IMO, all the scent-off stuff (Gel, lions poo et-al) only work for a few days, then it rains, so don't bother with them.

High-pitched utra-sound works (to some extent) 
.

Chavs, put acrovlavin in the super-soaker, at least next day, you can see who 'did it' they will be bright green! but have no fungus  

Cheers,  Mick B


----------



## Matt Holbrook-Bull (5 Aug 2008)

mick b said:
			
		

> Chavs, put acrovlavin in the super-soaker, at least next day, you can see who 'did it' they will be bright green! but have no fungus
> 
> Cheers,  Mick B



hahaha I like that


----------



## Ed Seeley (5 Aug 2008)

mick b said:
			
		

> Hozelock (I think?) make an auto shooter, for warning-off herons etc from your pond (connects to mains water 'hose-pipe' and is triggered via infa-red) works at night, but can soak the postman if not set correctly!!!

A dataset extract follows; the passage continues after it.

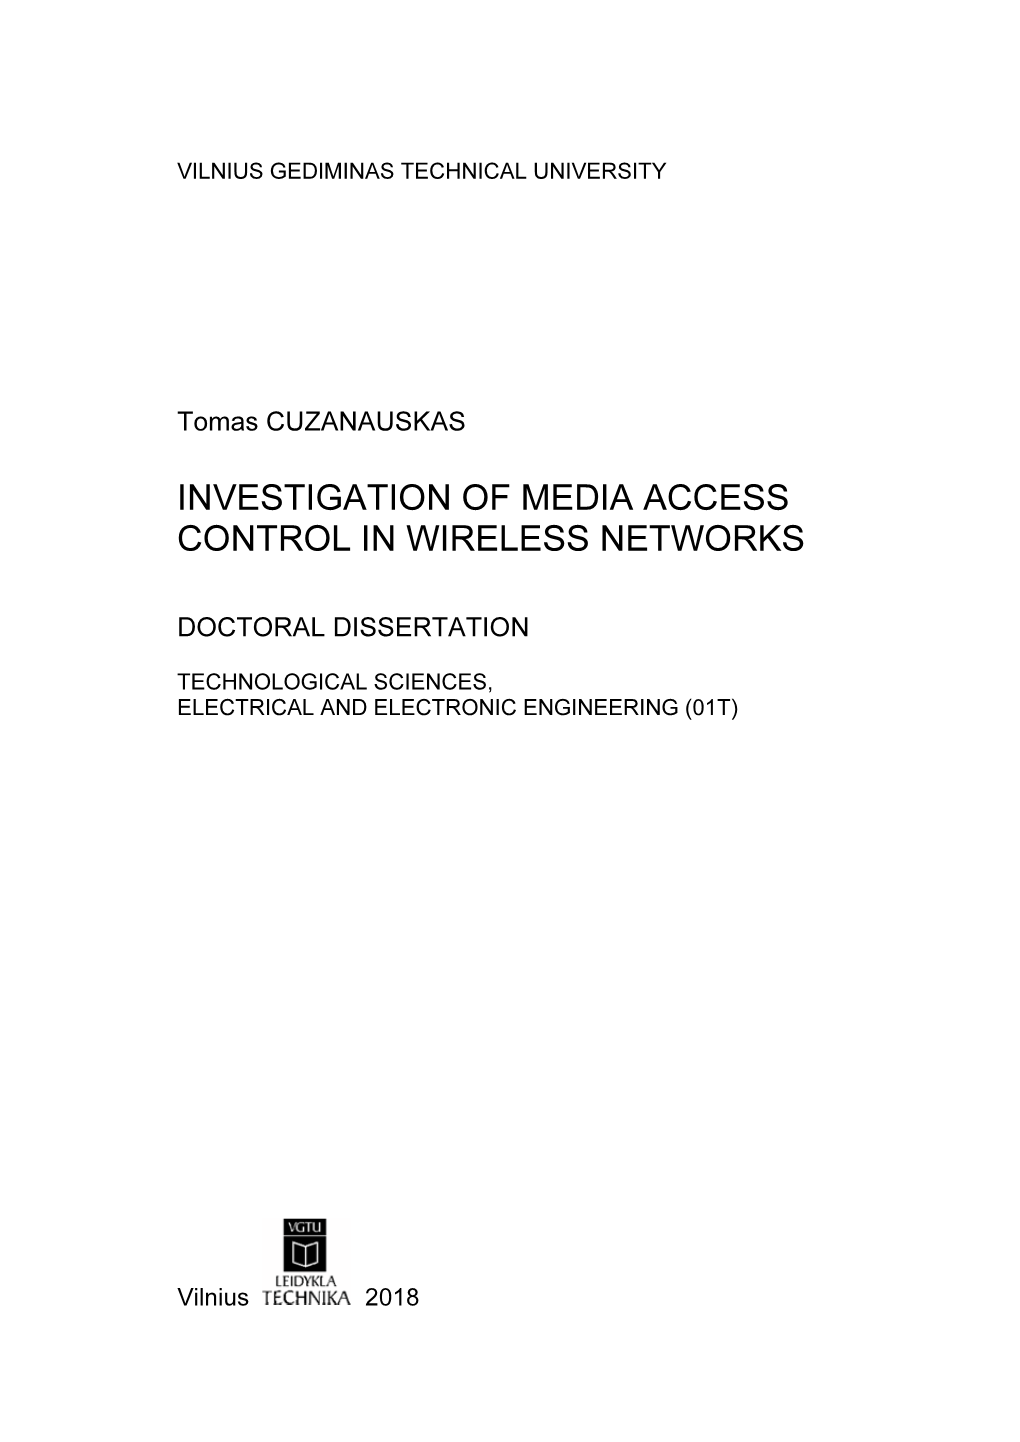 Investigation of Media Access Control in Wireless Networks

I've got one of these I bought for scaring off the herons and have to say it leaks like mad and is forever going off for no reason.  Not worth it unless you want a rubbish sprinkler!!!


----------



## mick b (5 Aug 2008)

Thanks for the 'user report' I was contemplating one, so I could remove the pond net, but now, I think I will pass!  

Cheers,, mMick B


----------